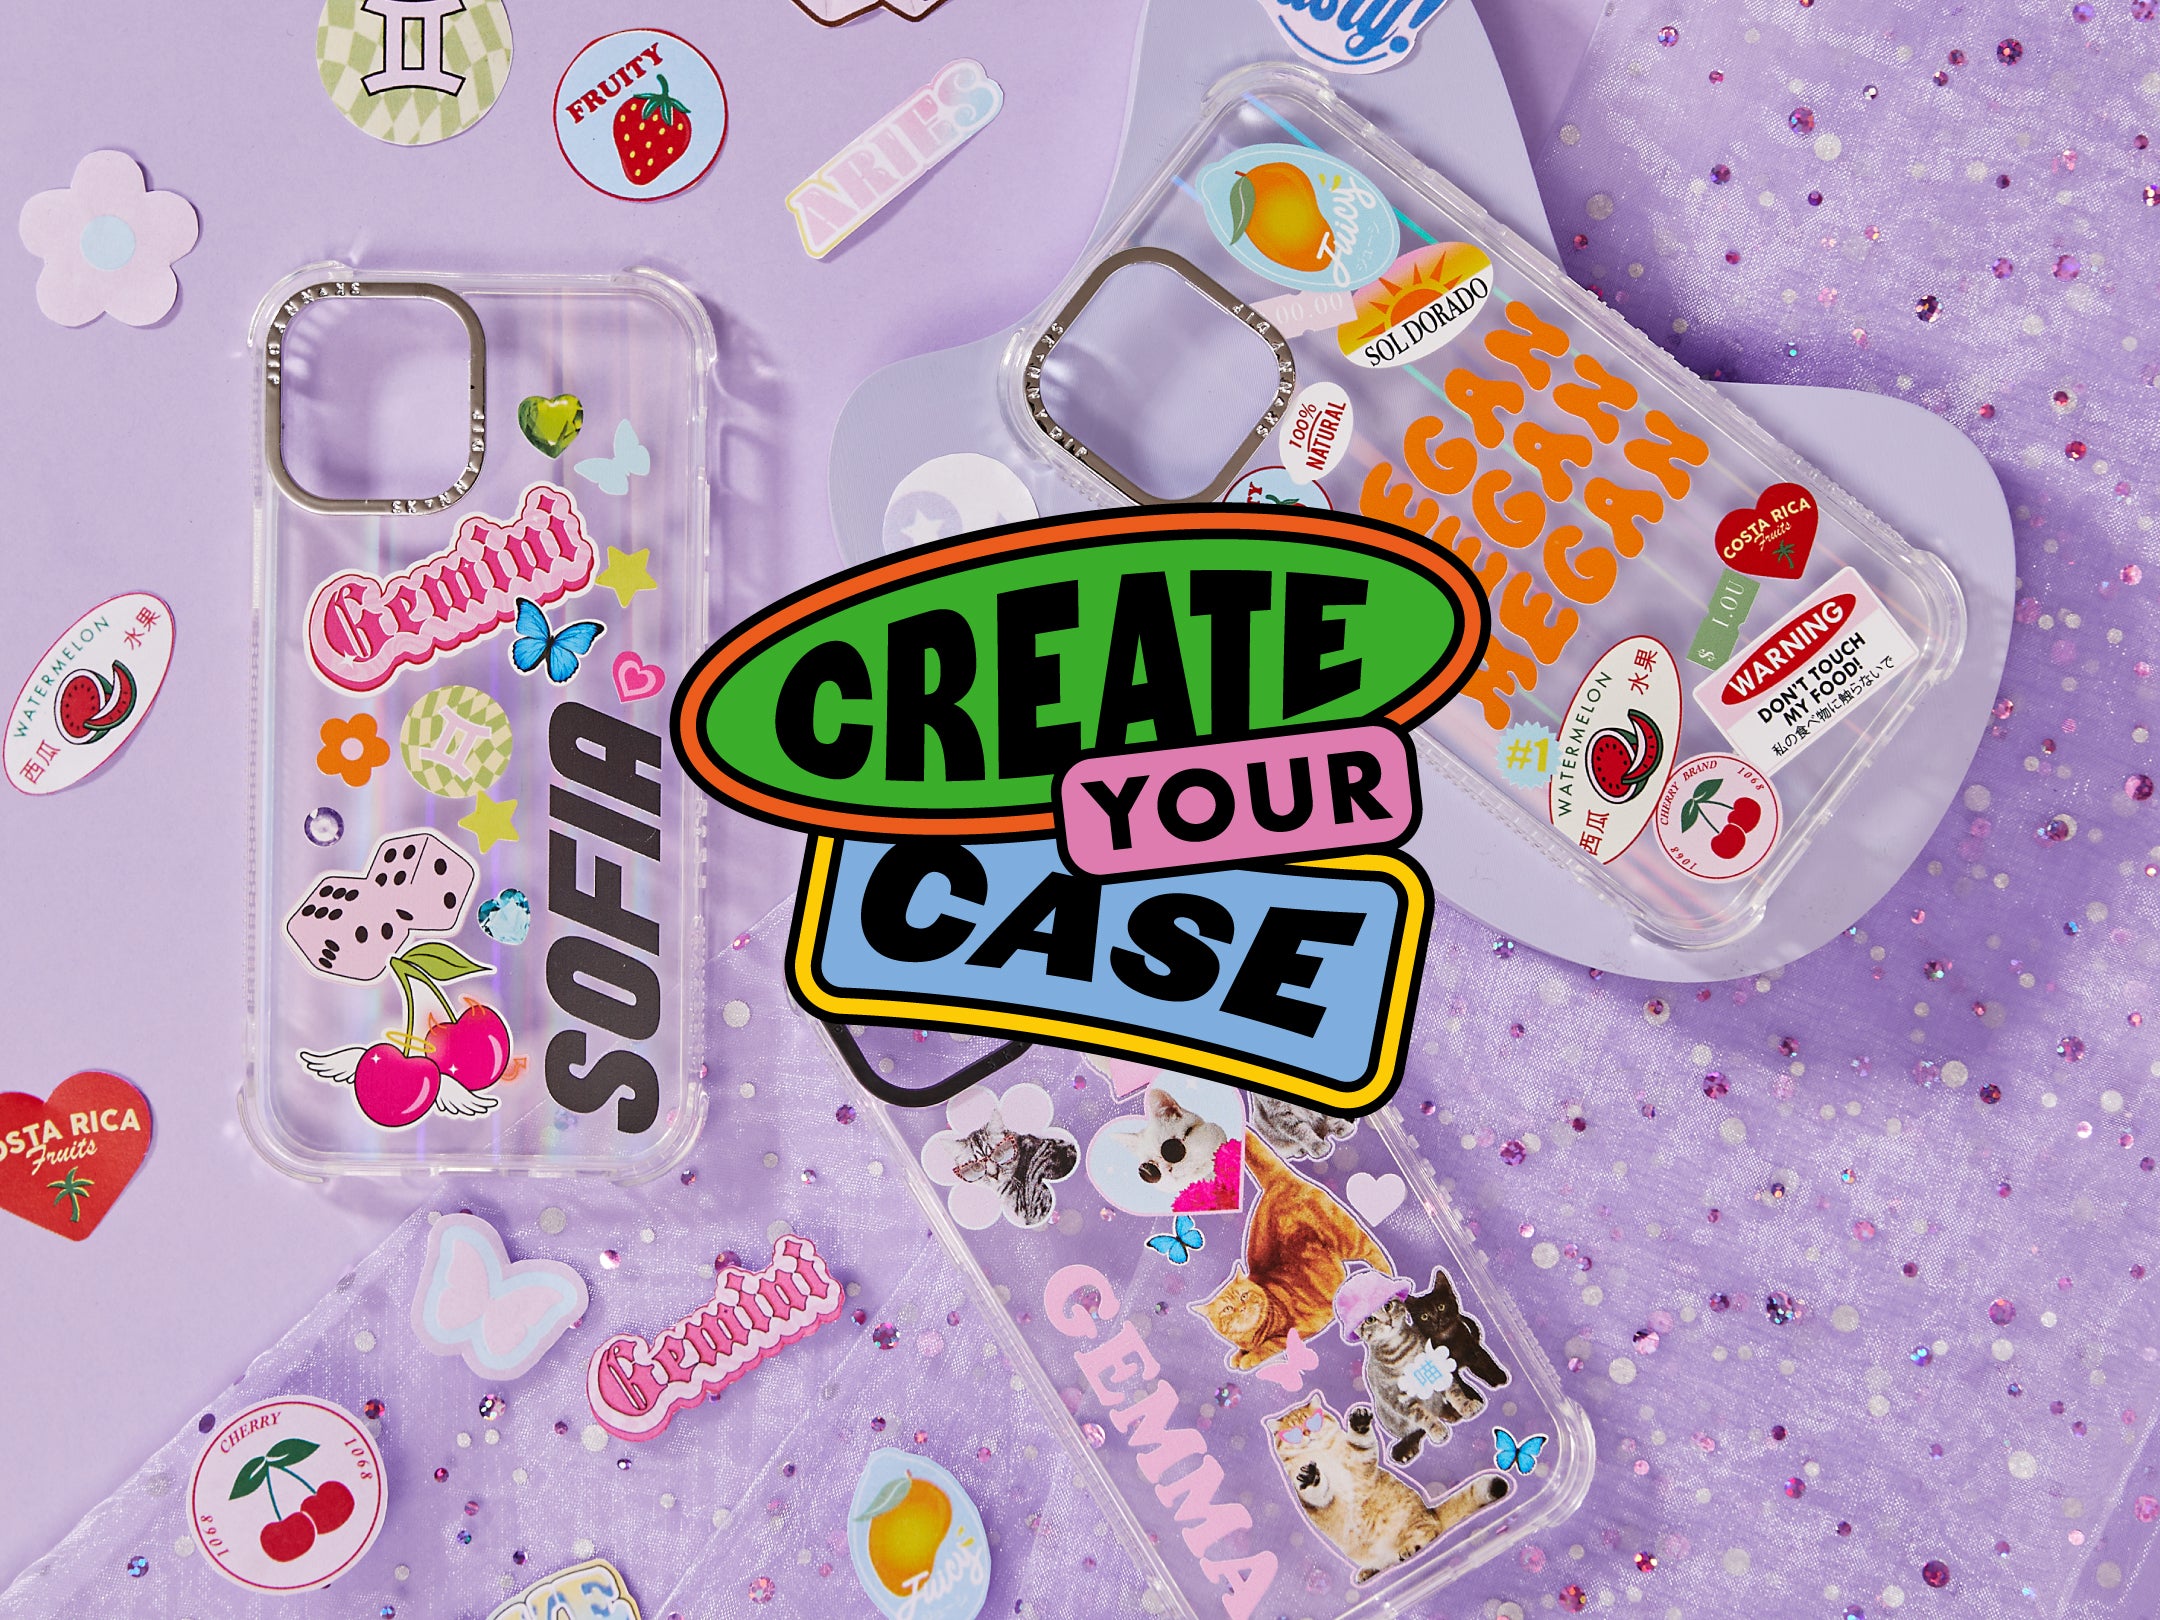 Create Your Case: Personalisation Has Landed
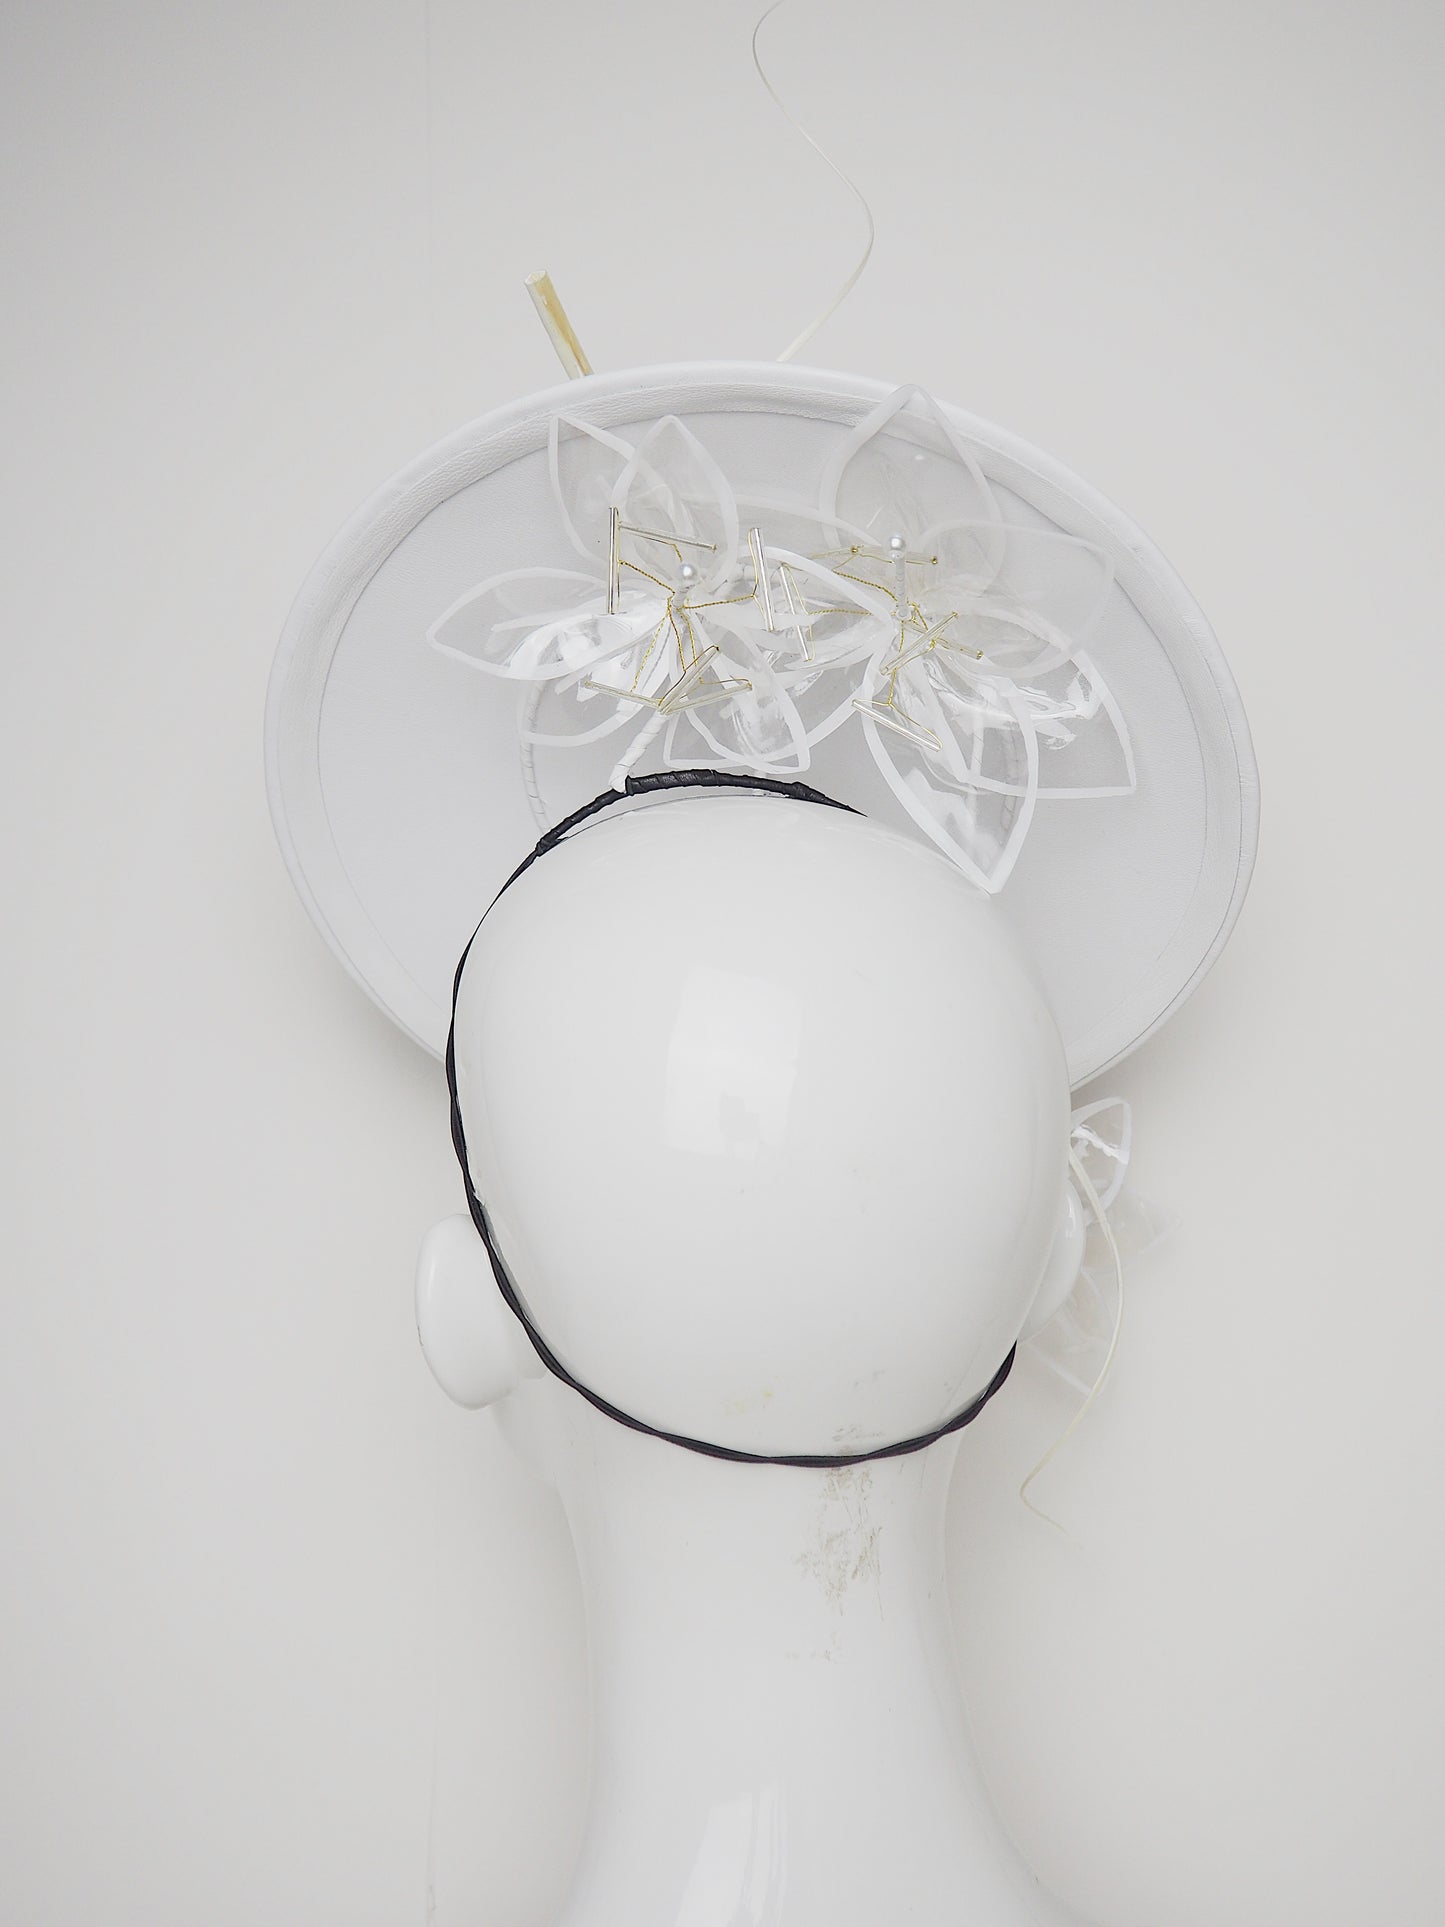 Lys En Blanc - White Crystoform Lillies on a floating leather disk with quill detail.
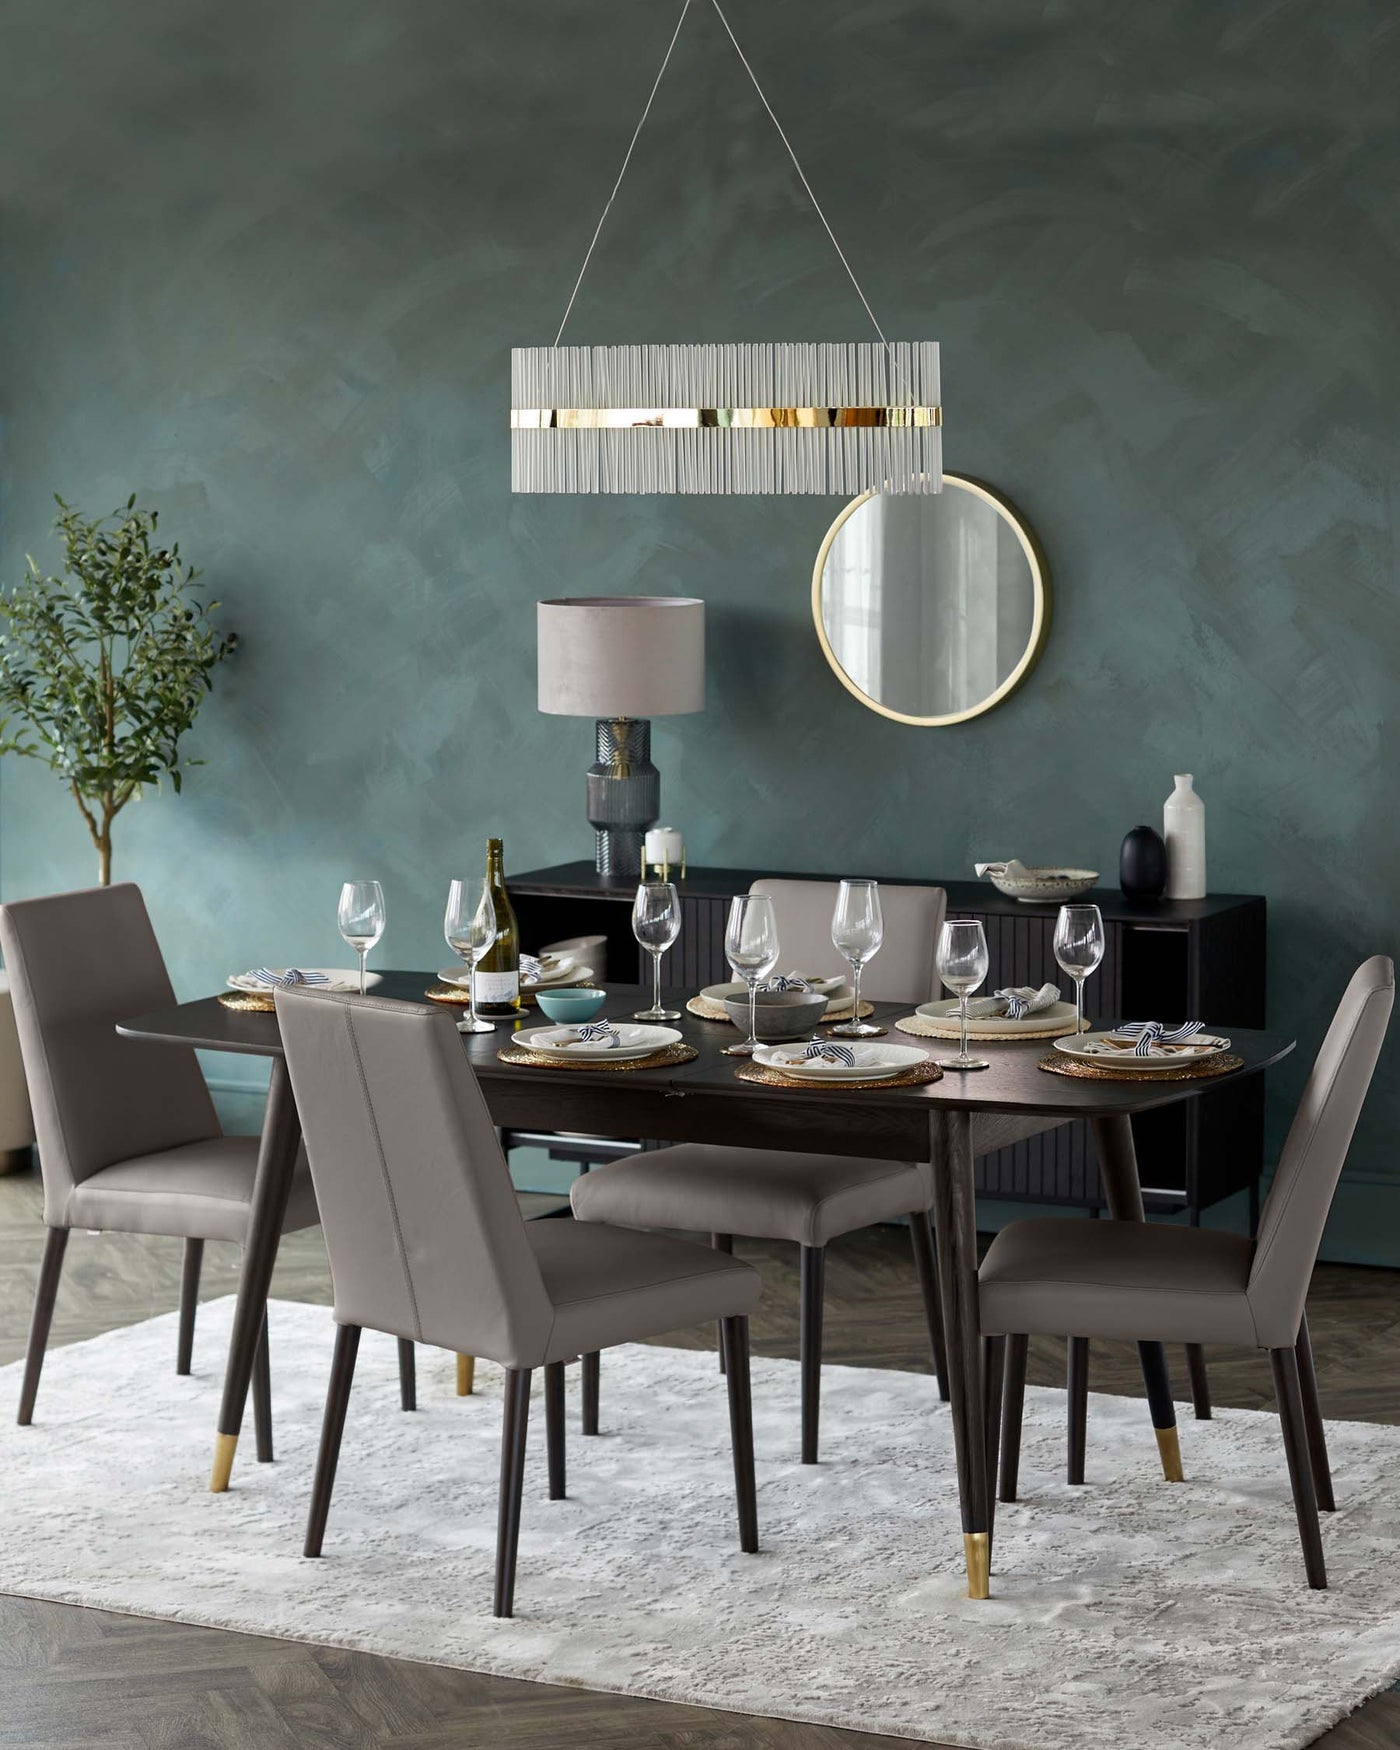 Elegant dining room setup featuring a modern rectangular wood dining table with gold-accented feet, surrounded by six matching taupe upholstered chairs with high backs and slim legs. A contemporary hanging pendant light with a linear design and metallic accents illuminates the space. A side cabinet and decorative round mirror with a thin gold frame complement the setting.
··········
**YOUR INSTRUCTIONS**
Could you give the material above again, exactly and without its pictures?

**RESULT BELOW**
 Create Your Case: Personalisation Has Landed
 Lys En Blanc - White Crystoform Lillies on a floating leather disk with quill detail.
 Elegant dining room setup featuring a modern rectangular wood dining table with gold-accented feet, surrounded by six matching taupe upholstered chairs with high backs and slim legs. A contemporary hanging pendant light with a linear design and metallic accents illuminates the space. A side cabinet and decorative round mirror with a thin gold frame complement the setting.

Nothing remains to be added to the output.